EXAMPLES Next, a light emitting diode as a compound semiconductor device according to an example of the present invention will be described with reference to FIGS. The light emitting diode shown in FIG. 1 includes a p-type GaAs substrate layer 1, a p-type GaAs buffer layer 2, and a p-type AlGaInP.
Cladding layer 3, AlGaInP active layer 4, n-type AlGa
An In P clad layer 5, a semiconductor substrate a p-type AlGaInP current blocking layer 6, n-type AlGaAs contact layer 7 are sequentially stacked, formed on the lower surface of the contact layer anode electrode 8 is formed on the upper surface 7 and the substrate layer 1 And the cathode electrode 9 is formed. The other parts except the anode electrode 8 are similar to the conventional light emitting diode. Further, as shown by the broken line, the metal thin wire 1 made of Au is formed on the anode electrode 8.
0 is bonded.

Claims (4)

[Claims] 1. In a compound semiconductor device having an electrode on a compound semiconductor region containing Al, an ohmic contact layer in which the electrode is in ohmic contact with the compound semiconductor region, and the ohmic contact layer for preventing Al diffusion. Ti (titanium), N (nitrogen) and O (oxygen) formed on the contact layer
And a connection metal layer formed on the diffusion barrier layer by a material capable of connecting a metal lead member. 2. The connection metal layer is an Au layer, and the electrode further has a Ti layer between the diffusion barrier layer and the connection metal layer. Compound semiconductor device. 3. The compound semiconductor region is an AlGaAs semiconductor region, and the ohmic contact layer is AuGeNi.

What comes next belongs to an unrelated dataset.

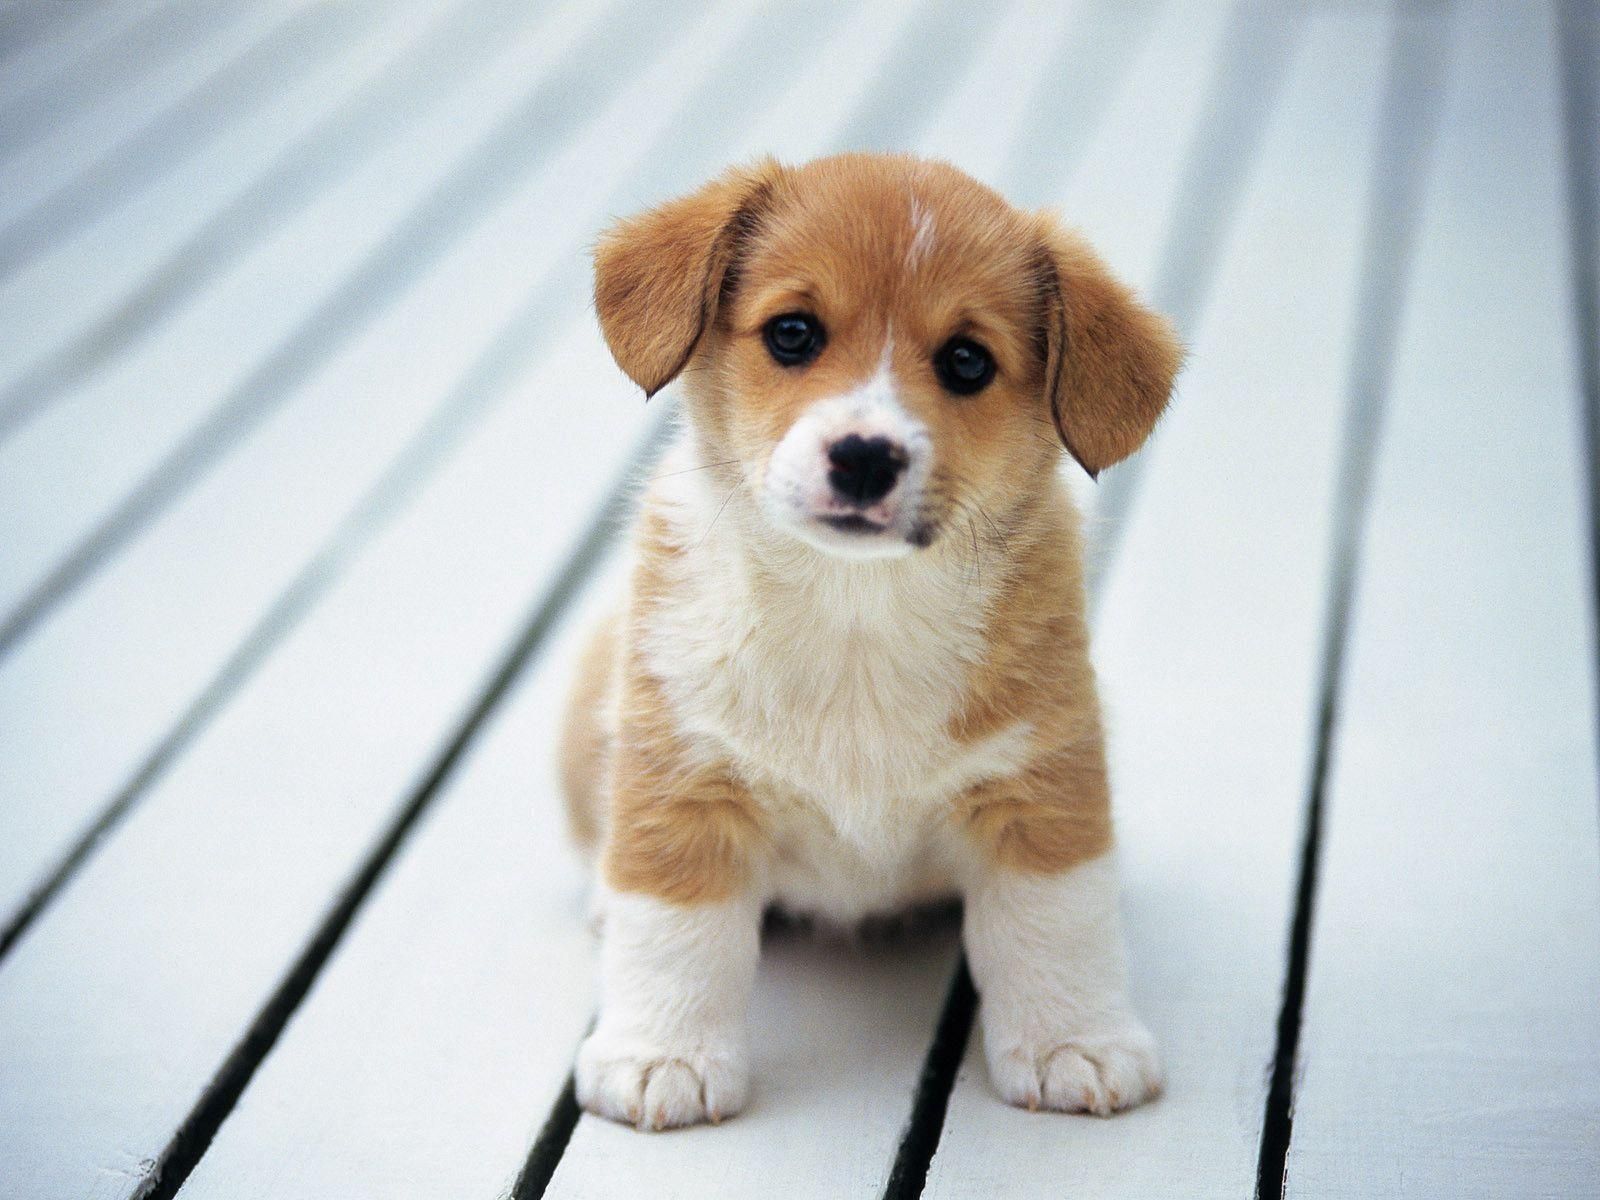 Cute Dog Wallpapers on WallpaperDog

3. The compound semiconductor device according to claim 1, wherein the compound semiconductor device is a layer or AuBe, and the electrode further has an Au layer between the ohmic contact layer and the diffusion barrier layer. 4. The diffusion barrier layer is a layer having a composition in which Ti is 15 to 30 atom% N is 45 to 80 atom% O is 5 to 25 atom%. The compound semiconductor device described.